Movie Mutters: Harry Potter and the Sorcerer’s Stone

September 1st, 2016


This is something I am starting on my blog! When I watch a film I tend to think of really random things and I have taken to Live Tweeting over on my twitter, but for those who don’t have a twitter, I thought I would recount what I spent two hours muttering under my breath and publishing on the interwebs. These were my thoughts during HP number 1!

I’m about to watch Harry Potter and the Sorcerer’s Stone for the millionth time, stay tuned.

So is this the Put Outer or the Deluminator?

Minerva give Hagrid a bit more credit. Man Sirius’ motorcycle is LIT!

“Only family he has” if  only y’all would have given Sirius a god forsaken trial…smh

Special effects in movie 1…solid.

Dudley you spoiled little git…

Harry’s shirt looks like a Kanye design. That oversized look tho

I really hate zoos…

Wait, so did nobody notice a kid speaking some creepy af language to a snake?
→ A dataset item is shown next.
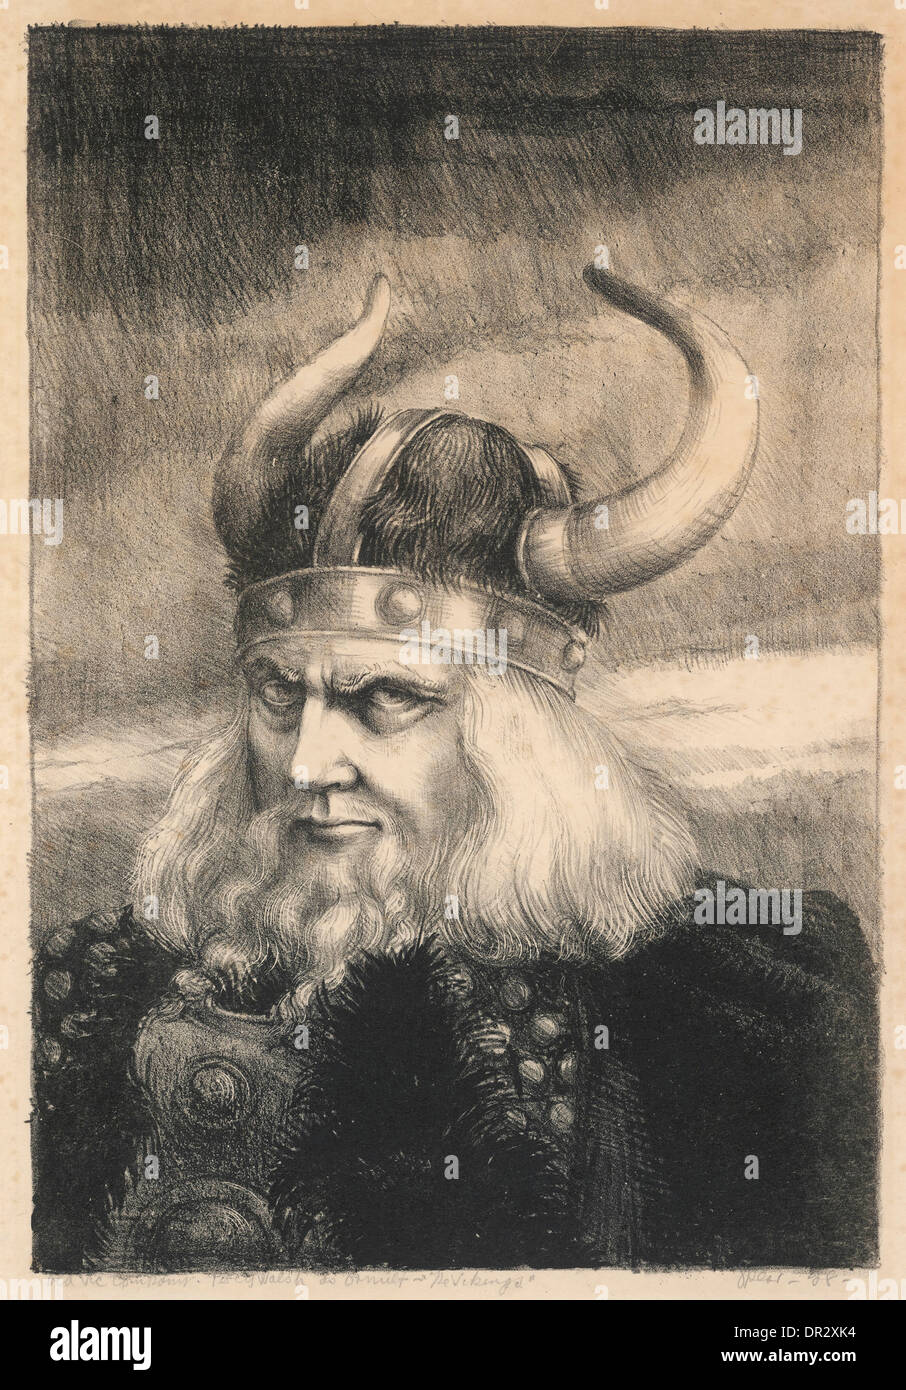 Viking Warrior High Resolution Stock Photography and Images - Alamy

Parseltongue doesn’t sound normal…bloody muggles.

“There’s no such thing as magic.” Mmhmm aight Vernon

If i were Harry I would have thrown that letter in my cupboard and read it alone.

Hogwarts you are wasting so much paper…I guess wizards don’t care about the environment smh…

Just pick up a letter from the floor Harry and why would you try to go into your room…go out the ruddy door!

Their shack looks like a mini Azkaban…

Yeah that’s right, accept food from a stranger…didn’t your parents ever teach you! Oh, wait….

Yer a wizard Harry!

Petunia how dare you disrespect Lily and James!

This little piggy went to the market, and this little piggy gets hexed by a pink umbrella.

How did Tom (the barman, not Riddle) go from absolutely normal to a hunchback creep in Prisoner…?

And little did he know underneath the turban lay his greatest enemy…Squirrely Quirrell…i hate you

Don’t toucheth me!

“Gringotts, no safer place!” Says the people who have a bloody dragon below deck!

Oh how Griphook changed over the years…

Holy shit, I AM A WIZARD.

“The wand chooses the Wizard Mr. Potter.”

Honestly Ollivander always weirded me out as a child…

Hedwig’s alive! SHE’S ALIVE!

V-O-L-D-E-M-O-R-T not that difficult to spell Hagrid.

Sure Hagrid leave an eleven year old alone in a massive train station with an owl…

Ugh my boys! I can’t tell you how much I love Fred and George!

Baby Ginny!

My god, Ronald you can’t just ask people about their scars!

The Trolley Witch…we all now know her secret…

Pettigrew you bloody pig…lay of the sweets

Romione Feels, they were so adorable! 

God, Seamus was sooo cute 

In comes Draco Malfoy my favourite HP character of all time, the little git 

“TREVOR!” My Longbottom heart! 

Imagine if Harry had shook Malfoy’s hand…imagine the possibilities!

I wish the Sorting Hat sung its song in the movie!

Yas! Although I’m a Slytherin myself. #WeGotPotter


Wait where did George go? Why is there only one twin at the table now?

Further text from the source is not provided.